Enough words, let's get to some pictures! Here's a typical week of queries to the enterprise k-anonymity API:

This is a very predictable pattern, largely due to one particular subscriber regularly querying their entire customer base each day. (Sidenote: most of our enterprise level subscribers use callbacks such that we push updates to them via webhook when a new breach impacts their customers.) That's the total volume of inbound requests, but the really interesting bit is the requests that hit the origin (blue) versus those served directly by Cloudflare (orange):

Let's take the lowest blue data point towards the end of the graph as an example:

At that time, 96% of requests were served from Cloudflare's edge. Awesome! But look at it only a little bit later:

That's when I flushed cache for the Finsure breach, and 100% of traffic started being directed to the origin. (We're still seeing 14.24k hits via Cloudflare as, inevitably, some requests in that 1-hour block were to the same hash range and were served from cache.) It then took a whole 20 hours for the cache to repopulate to the extent that the hit:miss ratio returned to about 50:50:

Look back towards the start of the graph and you can see the same pattern from when I loaded the DemandScience breach. This all does pretty funky things to our origin API:

That last sudden increase is more than a 30x traffic increase in an instant! If we hadn't been careful about how we managed the origin infrastructure, we would have built a literal DDoS machine. Stefán will write later about how we manage the underlying database to ensure this doesn't happen, but even still, whilst we're dealing with the cyclical support patterns seen in that first graph above, I know that the best time to load a breach is later in the Aussie afternoon when the traffic is a third of what it is first thing in the morning. This helps smooth out the rate of requests to the origin such that by the time the traffic is ramping up, more of the content can be returned directly from Cloudflare. You can see that in the graphs above; that big peaky block towards the end of the last graph is pretty steady, even though the inbound traffic the first graph over the same period of time increases quite significantly. It's like we're trying to race the increasing inbound traffic by building ourselves up a bugger in cache.

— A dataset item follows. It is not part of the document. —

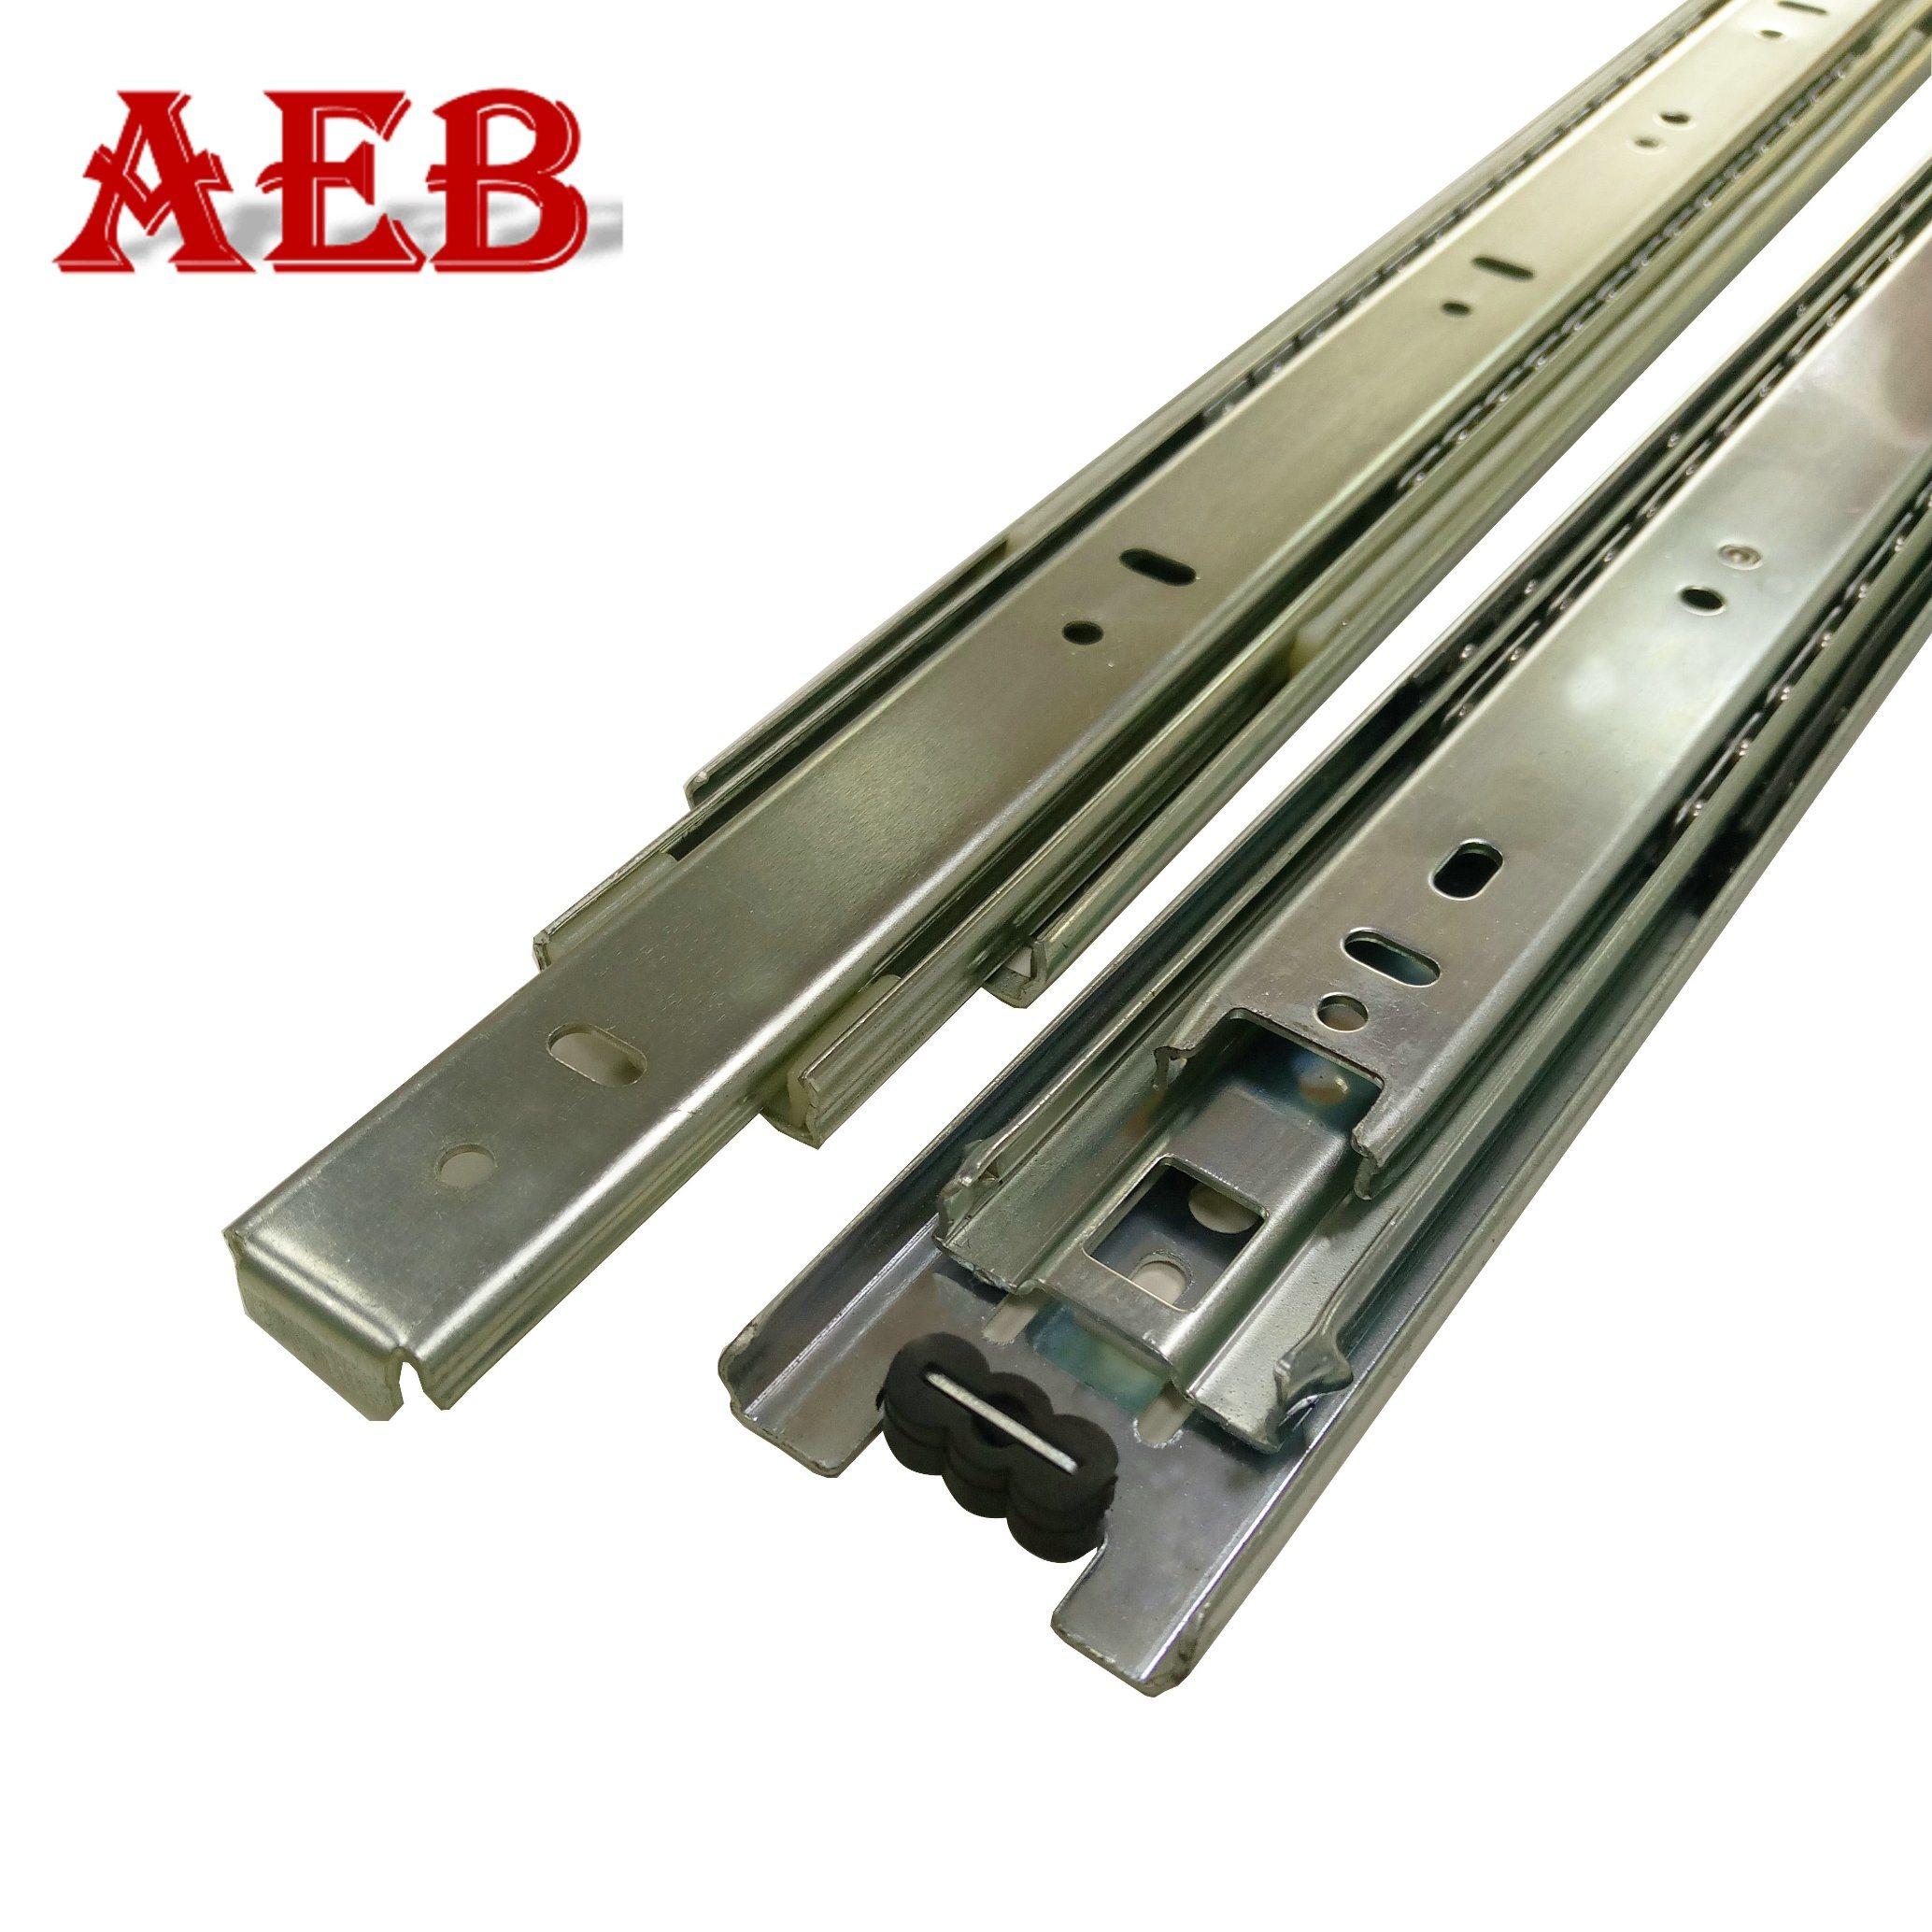 drawers s sale wood sliding kit door aluminum cabinet lowes ikea hardware lock cupboard drawer track

Here's another angle to this whole thing: now more than ever, loading a data breach costs us money. For example, by the end of the graphs above, we were cruising along at a 50% cache hit ratio, which meant we were only paying for half as many of the Azure Function executions, egress bandwidth, and underlying SQL database as we would have been otherwise. Flushing cache and suddenly sending all the traffic to the origin doubles our cost. Waiting until we're back at 90% cache it ratio literally increases those costs 10x when we flush. If I were to be completely financially ruthless about it, I would need to either load fewer breaches or bulk them together such that a cache flush is only ejecting a small amount of data anyway, but clearly, that's not what I've been doing 😄

There's just one remaining fly in the ointment...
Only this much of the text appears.